Reading J G Ballard’s High-Rise
(1975) quickly put me in mind of Golding’s Lord
of the Flies from 1954. The
resemblance goes beyond mere dystopia.
Both are about civilised man’s predilection to run wild when deprived of
his creature comforts. For both Ballard
and Golding, the veneer of social cooperation is tissue-thin.
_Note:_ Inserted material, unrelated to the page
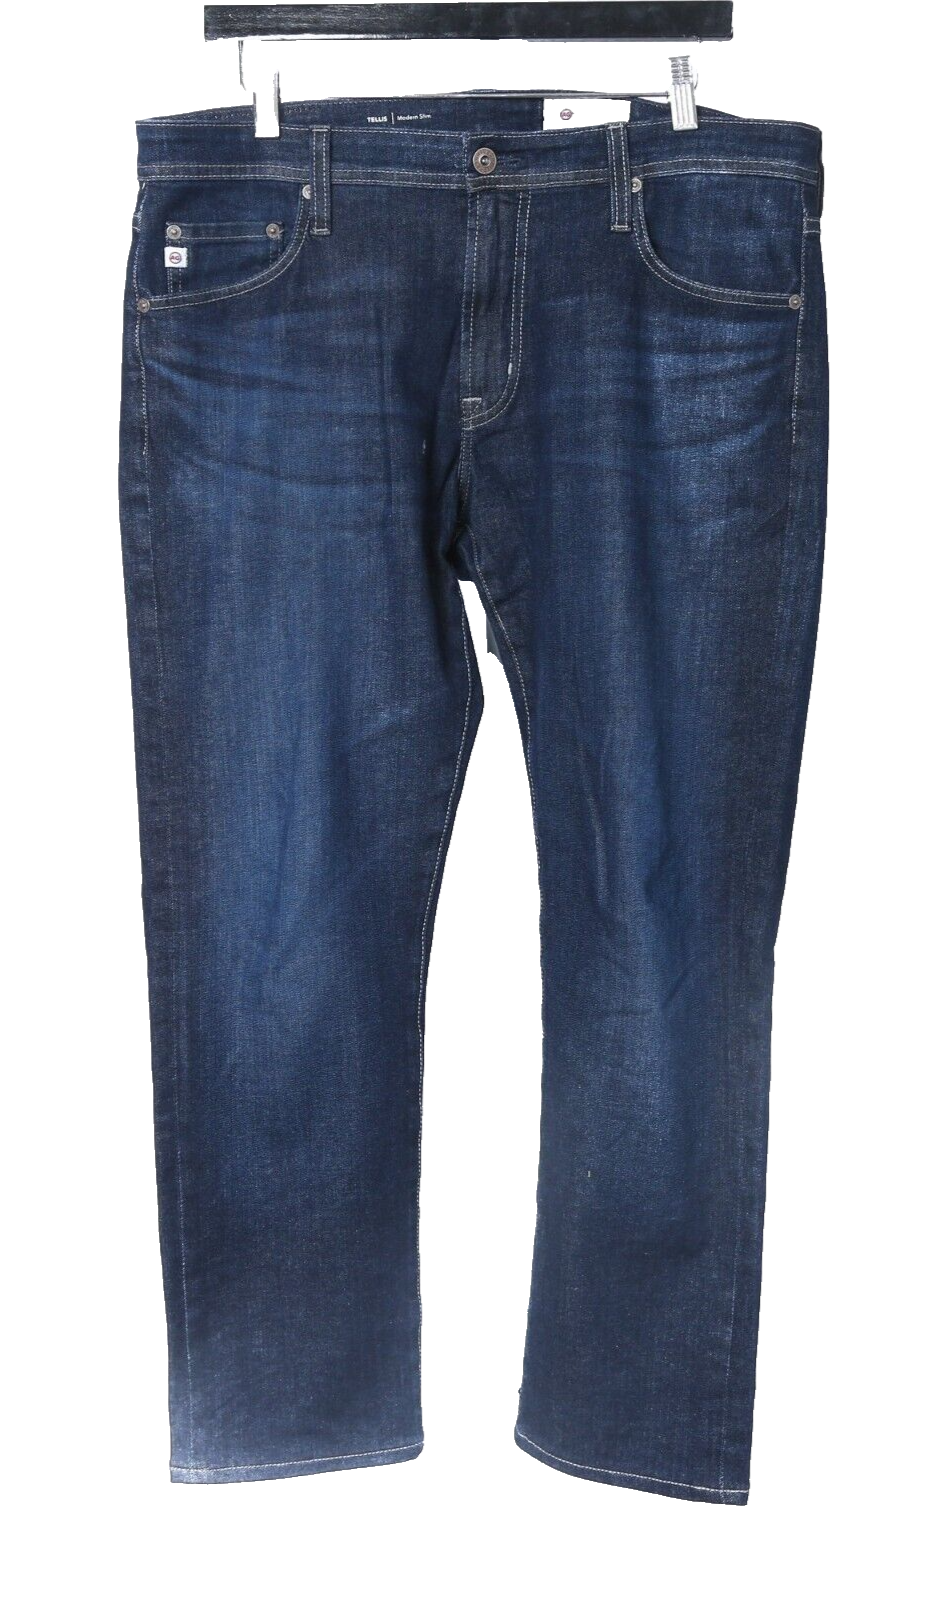 Primary image for AG Adriano Goldschmied Denim 360 Jeans Mens 33x34 Tellis Modern Slim
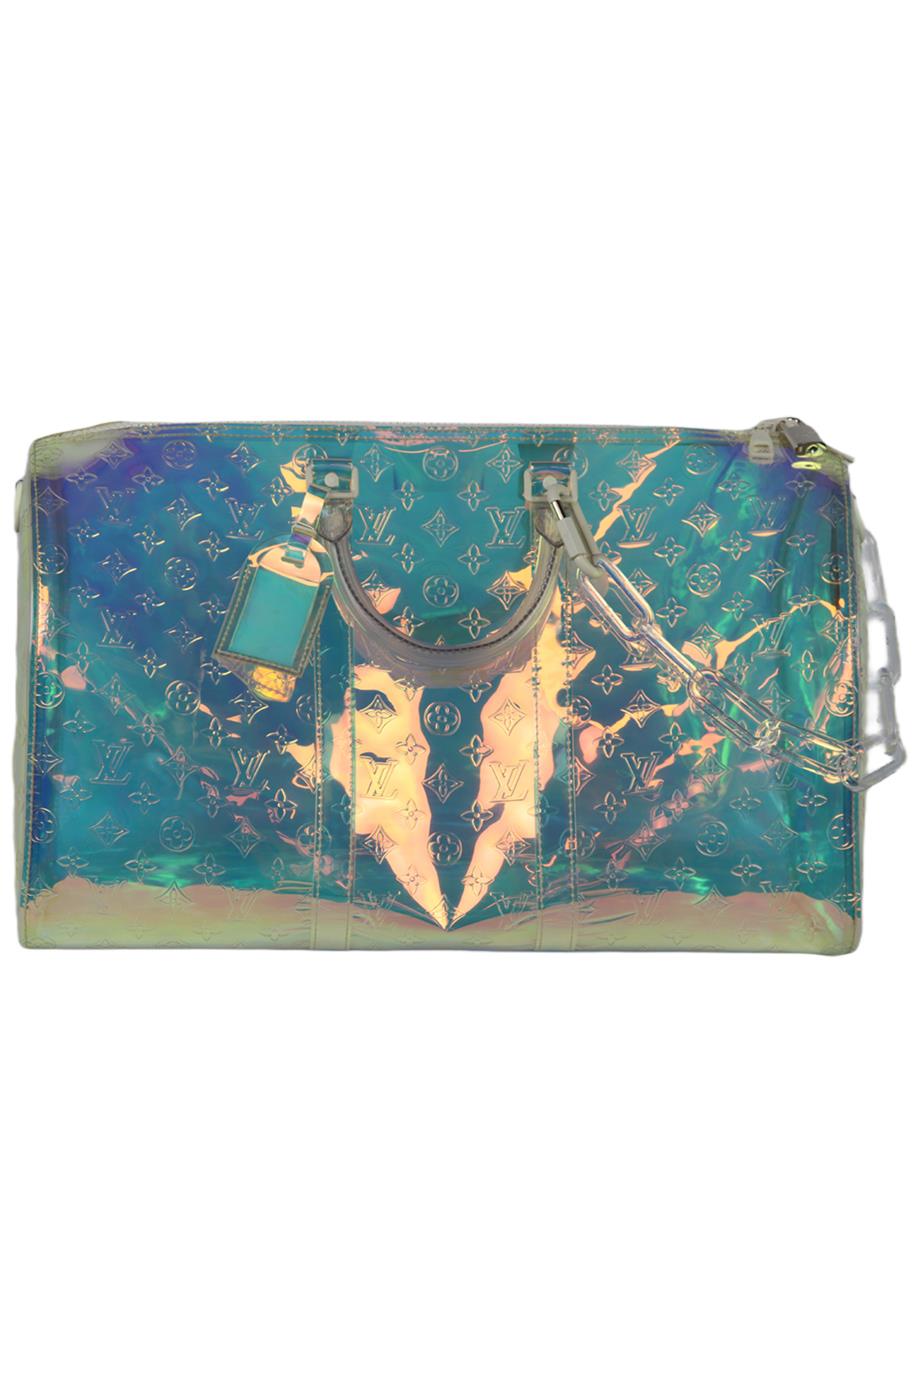 Louis Vuitton Keepall Bandouliere Bag Limited Edition Monogram Prism PVC 50  Clear 448221

I don’t want to labour the point because there are obvious
differences between the books. Golding
wafts his schoolboys off to a tropical island whereas Ballard maroons his adult
male protagonists in a suburban London tower block. To begin with at least, both locations smack
of the paradisiacal. But, just as Eden
had its serpent, so Ballard’s suburbia houses an underlying menace:
The spectacular view always made
Laing aware of his ambivalent feelings for this concrete landscape. Part of its appeal lay all too clearly in the
fact that this was an environment built, not for man, but for man’s
absence.... The cluster of auditorium
roofs, curving roadway embankments and rectilinear curtain walling formed an
intriguing medley of geometrics - less a habitable architecture, he reflected, than the unconscious diagram of a mysterious psychic event. [Ballard 1975:
34-5][1]
For me, massive high-rise developments bring to mind the
disastrous social experiments of the 1960s in northern cities like Sheffield
and Manchester. Streets of slums wiped
away in favour of jerry-built slums in the sky.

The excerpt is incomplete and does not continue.